On the upside, the consensus is that bush soft fruitīs not been so good for years. It likes cool and damp (raspberries a case in point) so at least not everything is a washout. From my current situation, I seem to have saved myself a lot of stress by not actually planting much! But the potatoes were there, and I didnīt want to lose what little I did manage to plant, even though I have been summarily banned from digging by Sir and just about everyone else. So I twisted his arm and up we went. Blight doesnīt seem to have got us yet, though some of the spud plants have died back and Iīm not sure if that is why. The remaining plants look fine, nothing like the tomato attack I got last summer, and Iīd have expected all of them to be affected if one or two were dead. Sir dug up enough new potatoes to keep us going for a couple of weeks. Then I set him on the raspberries (on the grounds that if I picked them, Iīd eat half of them before getting home...) and went to see what the redcurrants were up to. Two large containers later I still hadnīt managed to pick over the Jonkheer van Tets, which is horizontal under the weight. The Red Start is not far behind but not quite fully ripe yet. Got a handful of huge blackcurrants but decided I was to tired to pick more and I needed to sit down. So decamped to the dessert gooseberry and picked a punnet of those too. They are over-ripe really, have got so sweet they taste like sherbet, and are a pain to pick thanks to the netting I never got a chance to reposition, and which is anchored in place by the new shoots and thorns... Found that Chris (bless her) had cleared the garlic bed, and had also shoved sweetcorn in another. There are some fantastic folk in this world. 

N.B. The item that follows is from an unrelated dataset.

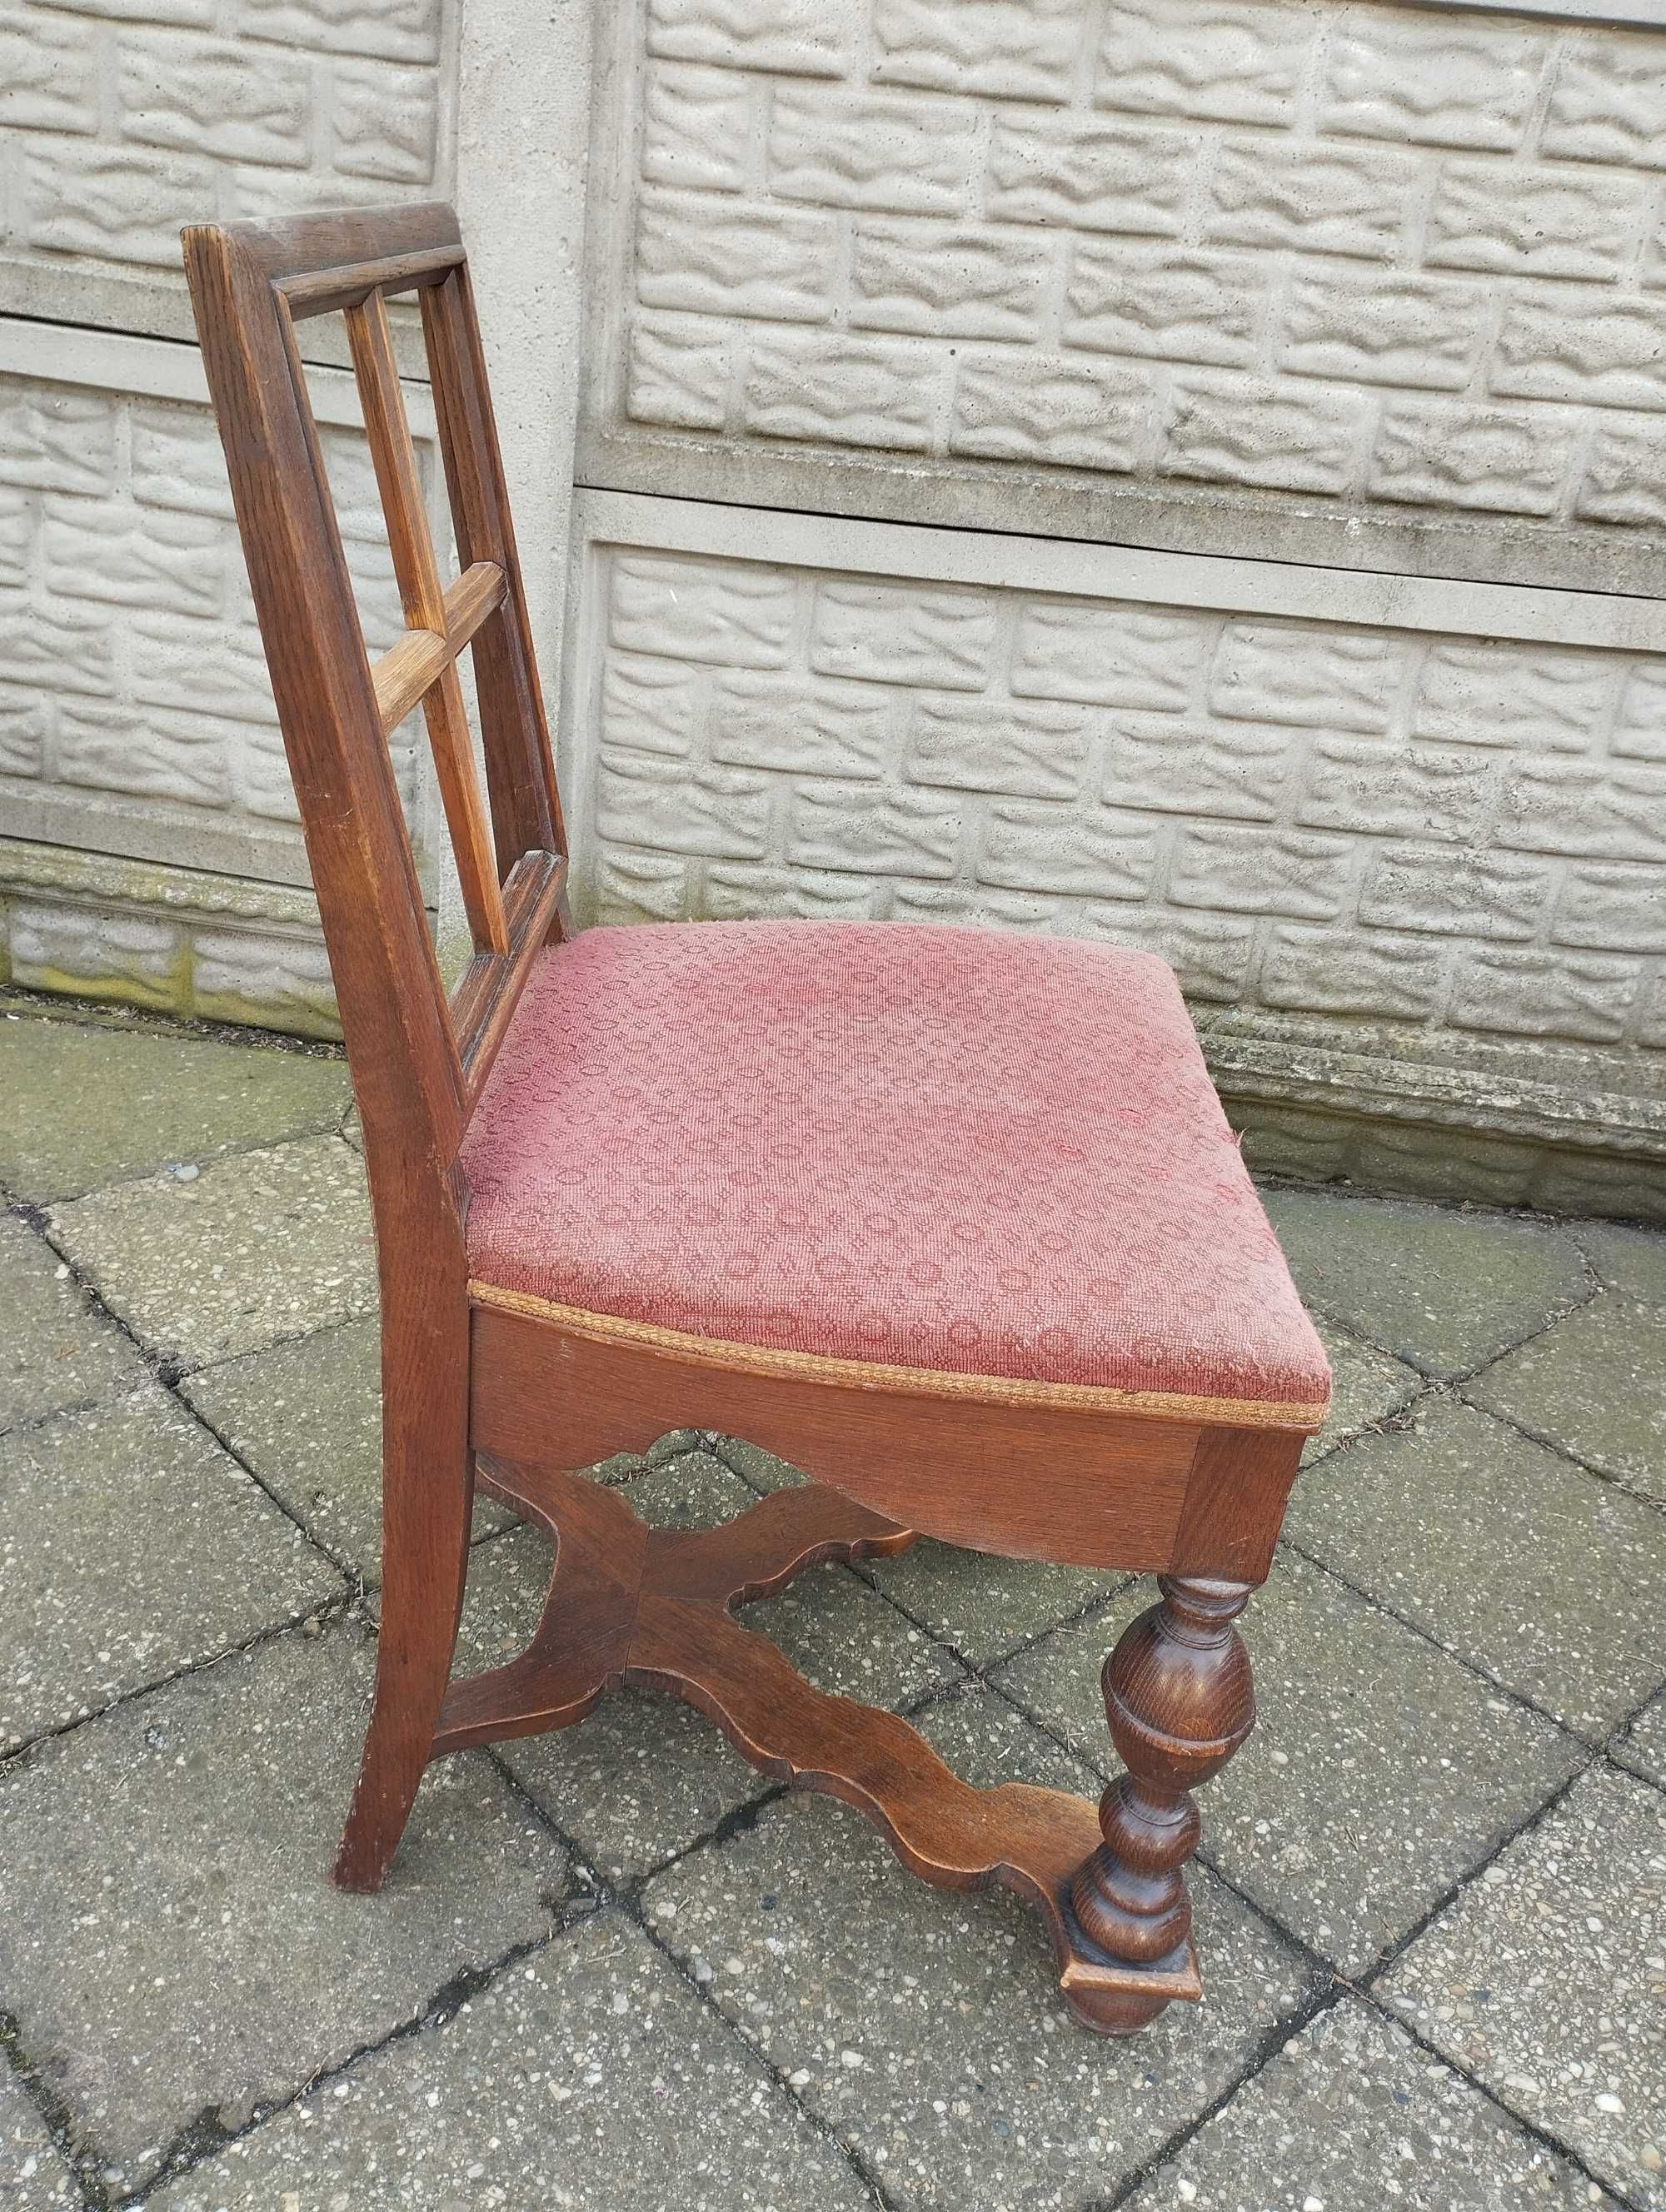 Stare krzesło 1szt.

 The other main fruit crop I look forward to is the blueberries, and they also seem to be doing very nicely. The newer one is covered and growing some of the largest berries Iīve ever got. The older one which I left unpruned has a few berries on, but the really good news is that the one I cut back to a stump is indeed regenerating, with 4-5 new shoots from both the stump and the base! Excellent news: I shall hopefully be able to bring it back into production, and then do similar with the other old one. The two that are still at home are also doing remarkably well, given theyīre only 18" high!